Yuri Chebotarev said...

nice gotcha.
but...
VS 2008:
warning C4800: 'volatile char *' : forcing value to bool 'true' or 'false' (performance warning)

the same but more obvious:
void foo(char* p){std::cout << p << '\n';}
void foo(bool p){std::cout << p << '\n';}

int _tmain(int argc, _TCHAR* argv[])
{
const char* p1 = "hello";
foo(p1);
return 0;
}

C++ is like a poison. it can be a cure if you know the proportion...otherwise it kills...

BadTux said...

This is an example of why I'm glad Linus Torvalds looked at recoding the Linux kernel into C++, said "ewwww!", and abandoned the notion immediately. In the past ten years of Linux programming I've needed to write C++ code... err. Not at all. Plenty of "C". Lots of Python. A fair amount of Java and Ruby and Perl and /bin/sh with its pals (awk, sed, etc.). But C++ is pure incarnated evil. Or is that instantiated?

That said, I once spec'ed out a project that had to be written in C++, so I do know it has a place. Said project could have been written in "C" but not with the schedule and resources that I was proposing to the funding people, and any higher-level language like Java or Python would have been either a) too slow, or b) unable to interact on a low-enough level with the OS to do what we needed to do.

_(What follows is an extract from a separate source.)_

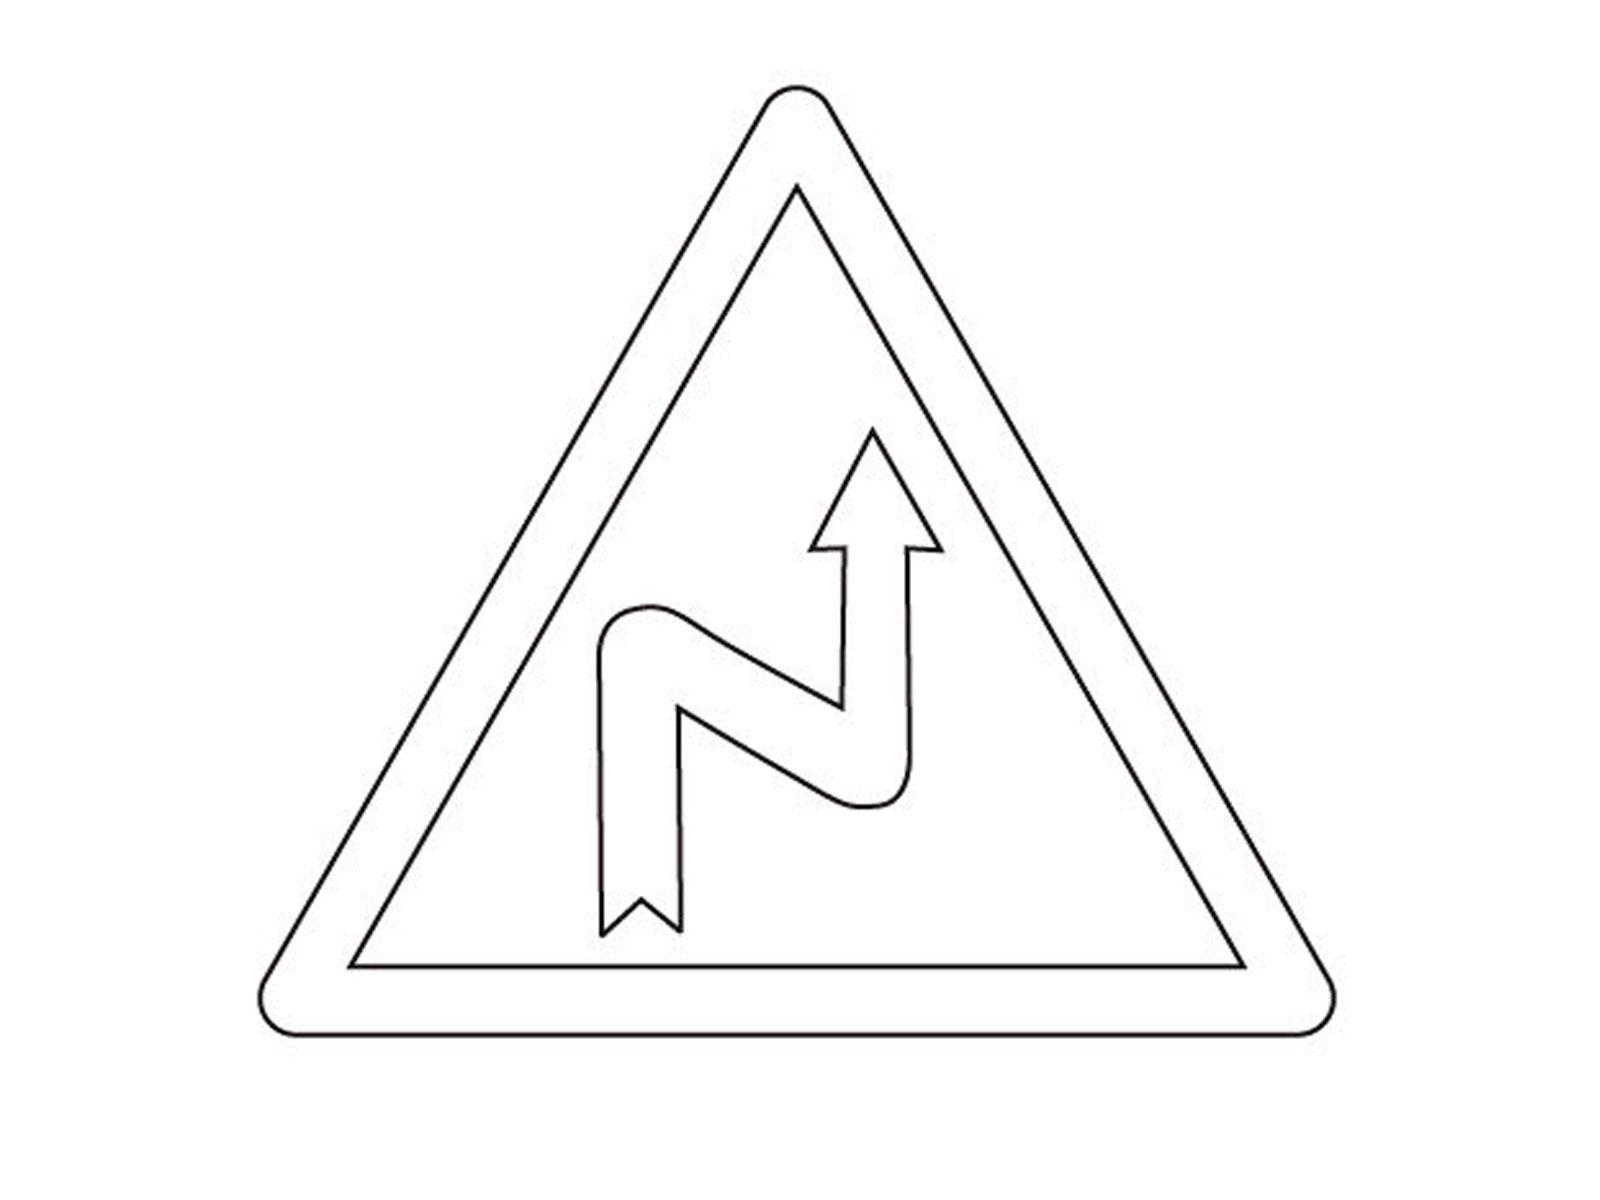 Знаки по правилам дорожного движения в картинках

Still. The language is an atrocity. If Sun had not gone all stupid with Java and allowed Java to breathe so that people could add system-level features and easy compilation to machine code to the language instead of suing everybody who tried to extend the language to address low-level OS concerns (like they sued Microsoft), C++ would be consigned to the dustbin of history with PL/1, Algol-68, and other such monstrosities (well maybe not -- I suspect it'd be more like COBOL, something still around simply because it was "the standard" for so many years). Alas, Sun had to be stupid with Java... so it goes. (Shakes head at stupidity of it all).